Avoid cutting into the old, leafless, woody stems during any pruning. Spanish lavender does not reliably regenerate new growth from this old wood, and cutting into it can create dead spots or even kill the entire plant. All cuts should be made into the soft, green growth, leaving a small amount of foliage on the stem to ensure successful regrowth.

Container Growing and Winter Protection

Spanish lavender is well-suited for container growing, which allows gardeners to control the soil and drainage precisely. When planting in a pot, select a container with multiple drainage holes and use a highly porous, well-draining potting mix, such as one formulated for cacti or succulents. Unglazed terracotta or clay pots are often preferred because they wick away excess moisture from the soil, further preventing root rot.

Potted plants will require more frequent watering than those in the ground, as the soil dries out faster, but the rule of allowing the soil to dry completely between waterings still applies. Due to nutrient leaching from frequent watering, container-grown lavender may benefit from a very light, infrequent feeding during the growing season. Repotting every few years into a slightly larger container with fresh soil helps maintain vigor.

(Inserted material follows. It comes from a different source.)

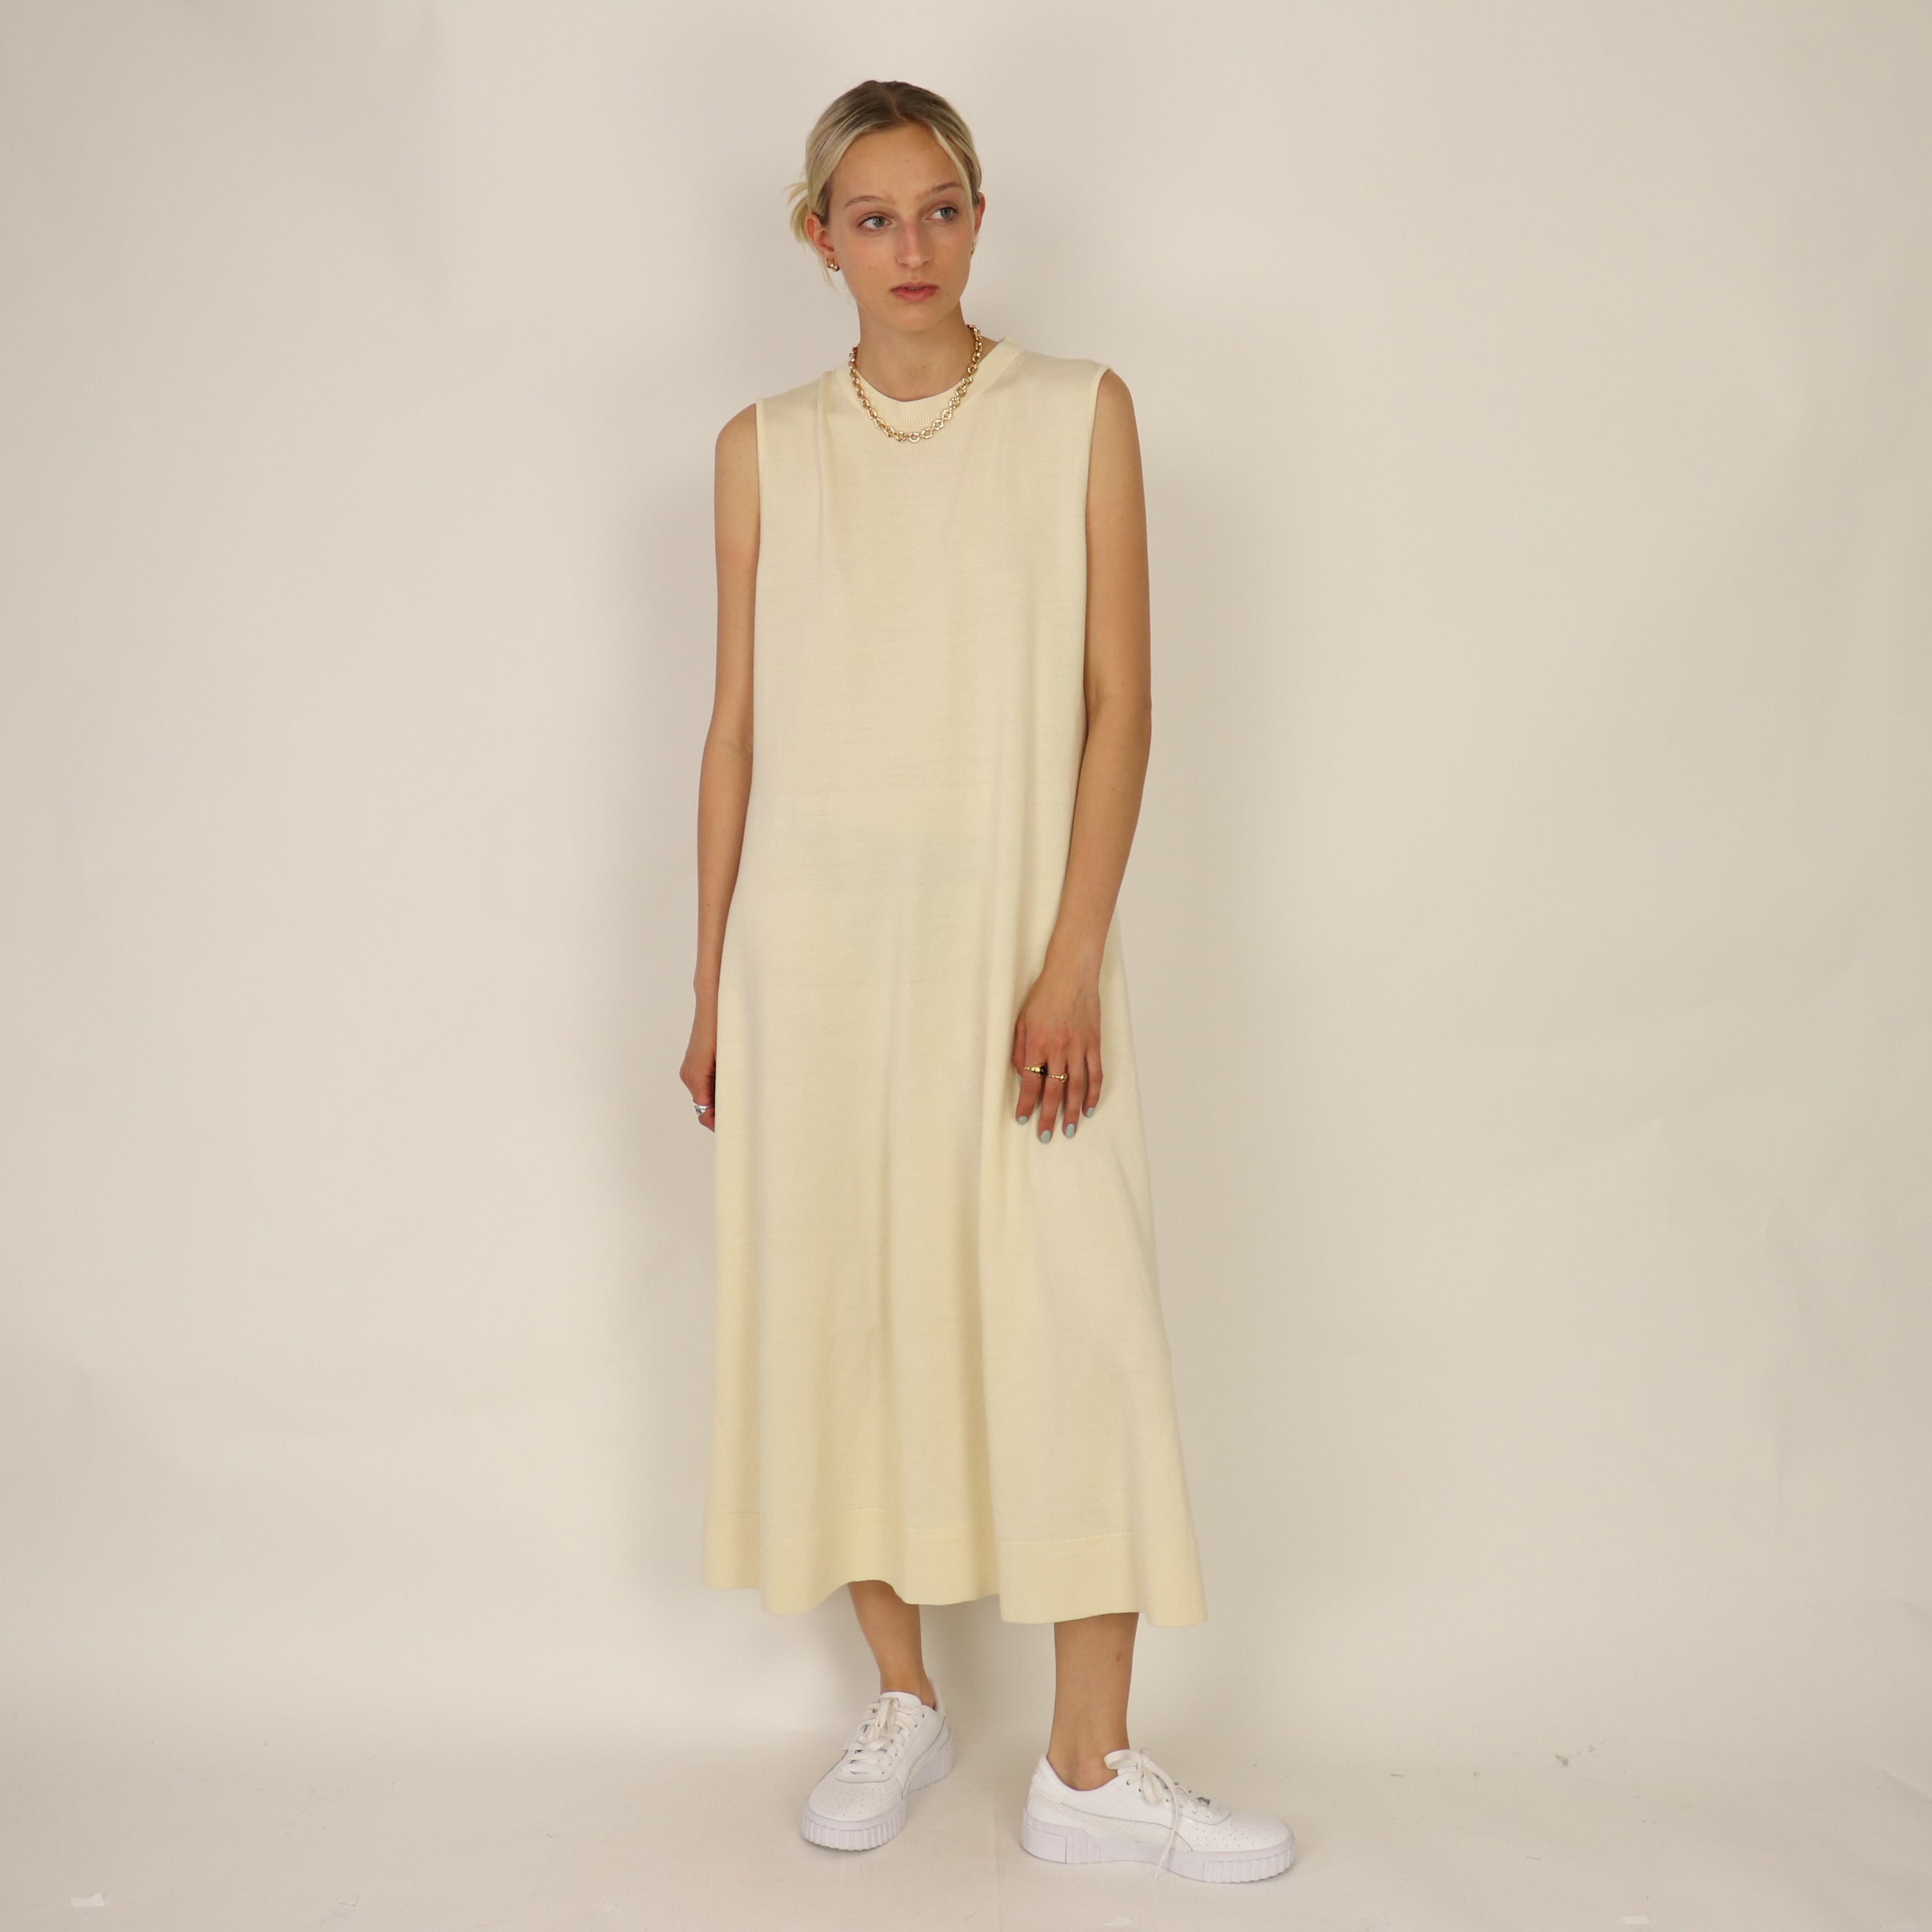 Dress, Size 12

Spanish lavender is generally hardy in USDA Zones 7 to 10, but its roots are more vulnerable to cold when confined in a pot. In colder climates (Zone 7 and below), container plants must be protected during winter. Move the pot to an unheated, bright, and cool location, such as a garage or shed, where temperatures remain above freezing but below 65°F to allow for dormancy. For in-ground plants in Zone 7, a protective layer of gravel or lightweight mulch around the base can help insulate the roots from extreme cold.